- Sara Martins as Camille Bordey
- Portrayed by: Sara Martins
- Duration: 2011–2015, 2021, 2024
- First appearance: Series 1, Episode 1
- Last appearance: Series 13 Episode 1

= Camille Bordey =

Fictional character from the television series Death in Paradise

Detective Sergeant Camille Bordey is a character in the crime drama television series Death in Paradise, portrayed by Sara Martins.

==Description==

A former undercover investigator, Bordey was assigned to Honoré Police because her cover was blown when she was arrested during DI Richard Poole's first investigation. She was the team's most intelligent detective after Poole, often doing the computer work. Initially, she and Poole disliked each other due to a culture clash. Over time their relationship became a close friendship, and showed some signs of romance - when he briefly left Saint Marie, she admitted she admires him a lot, and was happy when he chose to return. His murder in the opening scenes of Series 3 devastated her and she was reluctant to converse with his successor, DI Humphrey Goodman, although she became close to him eventually. She was then offered an undercover job in Paris in Series 4, Episode 4, and decided to leave. As she left, she kissed Humphrey despite not previously expressing romantic feelings for him, although he had for her.
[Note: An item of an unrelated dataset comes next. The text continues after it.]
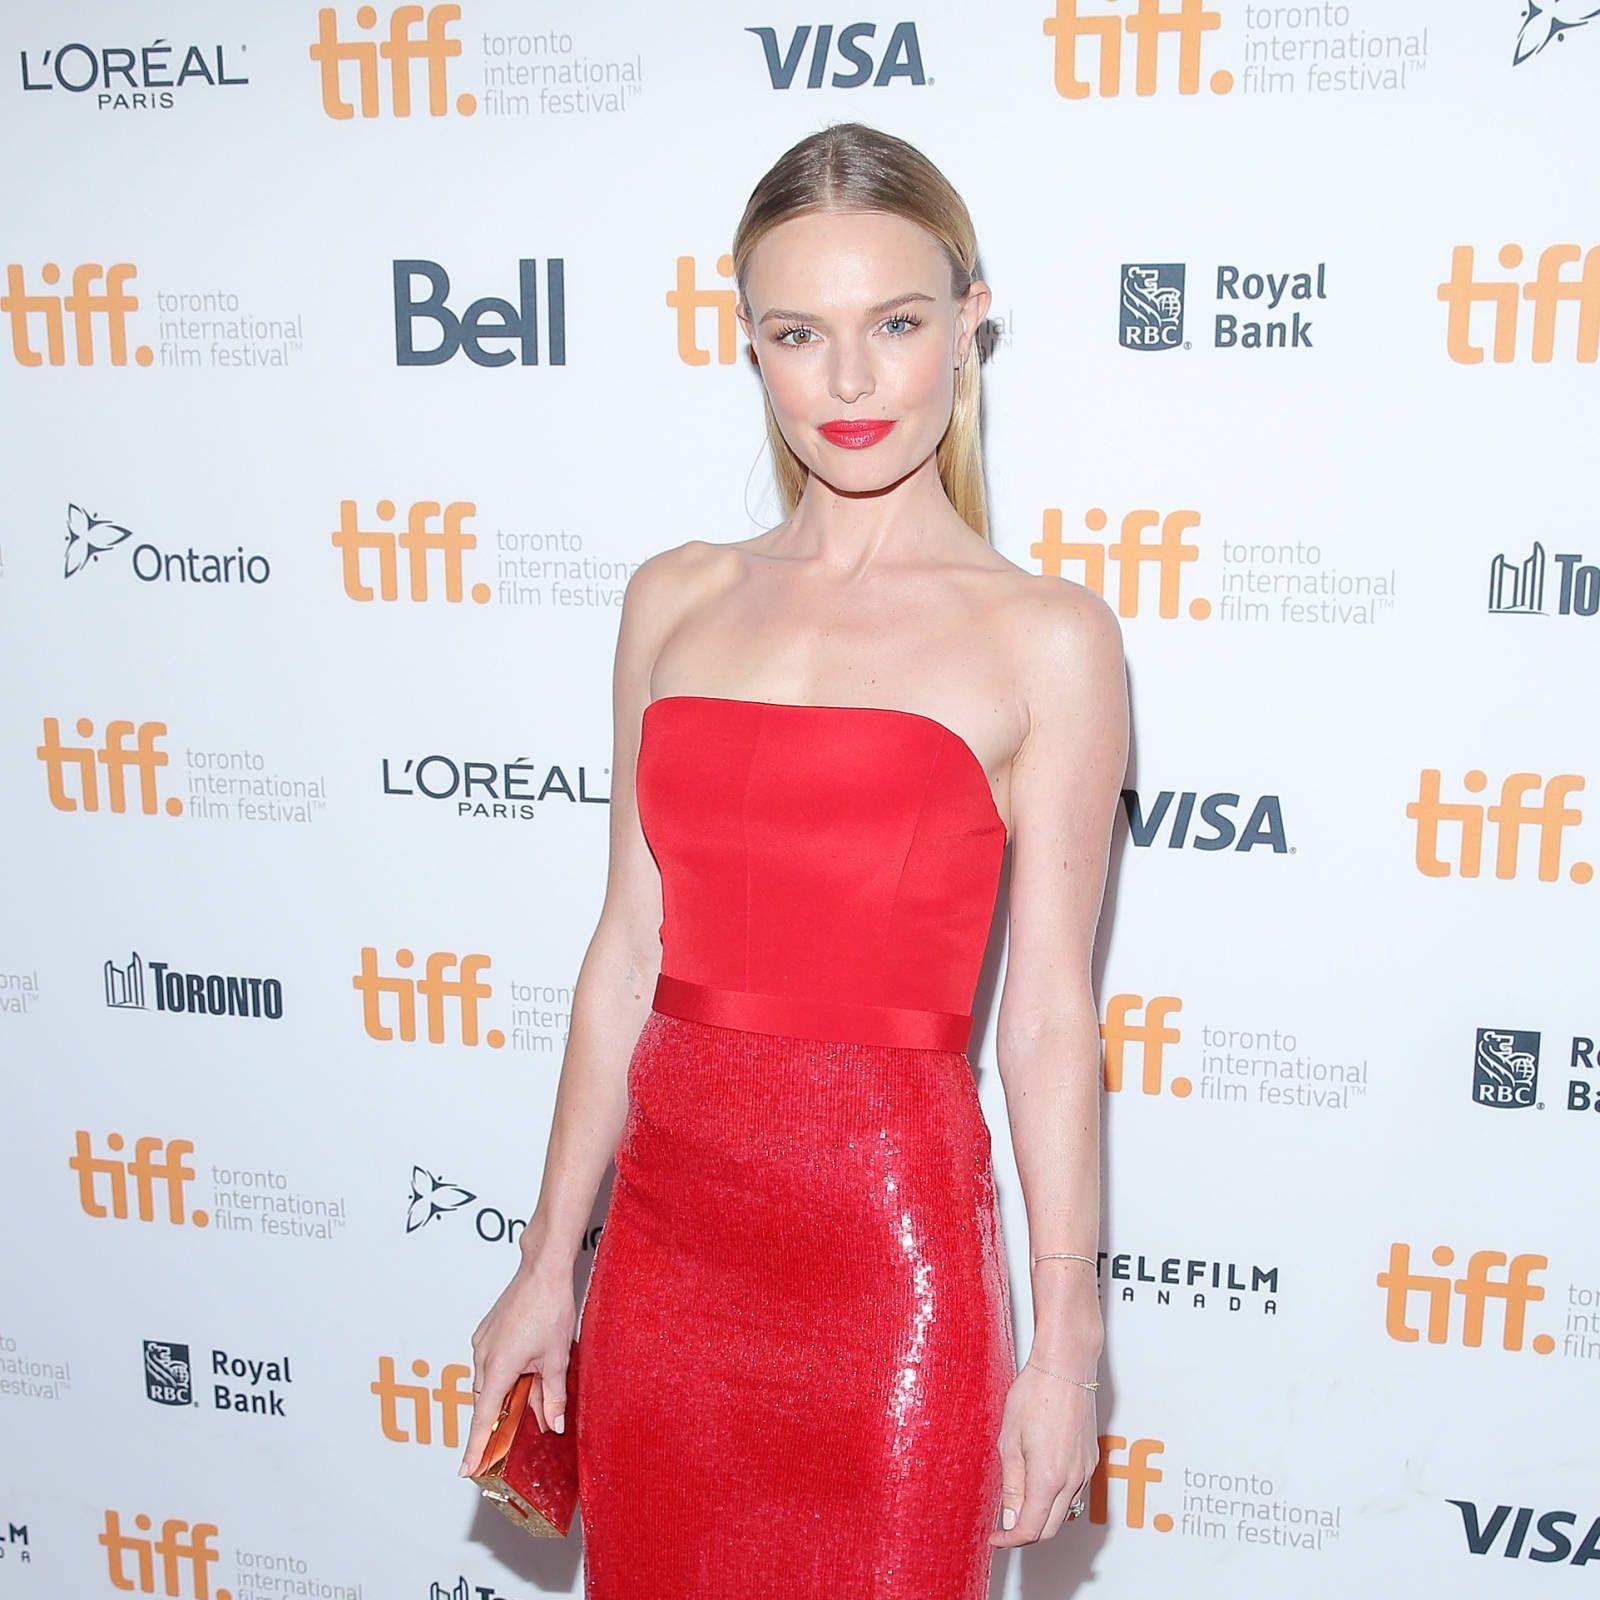 Kate Bosworth at the Toronto Film Festival 2014

Her mother Catherine owns a popular local bar. Her father, Marlon Croft, who lives in the neighbouring island of St. Lucia, reappears in Series 3, Episode 5, protecting his goddaughter, who is implicated in a case. After suspecting him, Camille starts reconciling with him.

In Series 10, Episode 6, Camille returns to the island after Commissioner Patterson contacted her when her mother was admitted to hospital after being the victim of an attack, leaving her with a serious head trauma. With Florence away following up leads in England, Camille rejoined the team to help investigate the crime linked to her mother's attack. She successfully helps the team solve the case and, following advice given to her after conversing with a memory of DI Richard Poole, decides to spend a few weeks away with Catherine following her recovery to make up for not visiting her since leaving the island, after which she sadly returns to her role in Paris.

In Series 12, Episode 8, Catherine announces that Camille is pregnant having moved in with her partner Leo some months previously. And in Series 13, Episode 1, she makes a guest appearance via FaceTime when she is in labour before giving Neville some advice on his life.

Bordey is hard-working and professional, and has a strong sense of justice. In the first two seasons she sharply contrasts with Poole, including in dress. The Guardians Michael Hogan suggests that Bordey is "as underdressed as Miller is overdressed, investigating murders in vest and hotpants." Lucy Evans argues that while Bordey is "capable and experienced", she is always one step behind Poole's thought processes.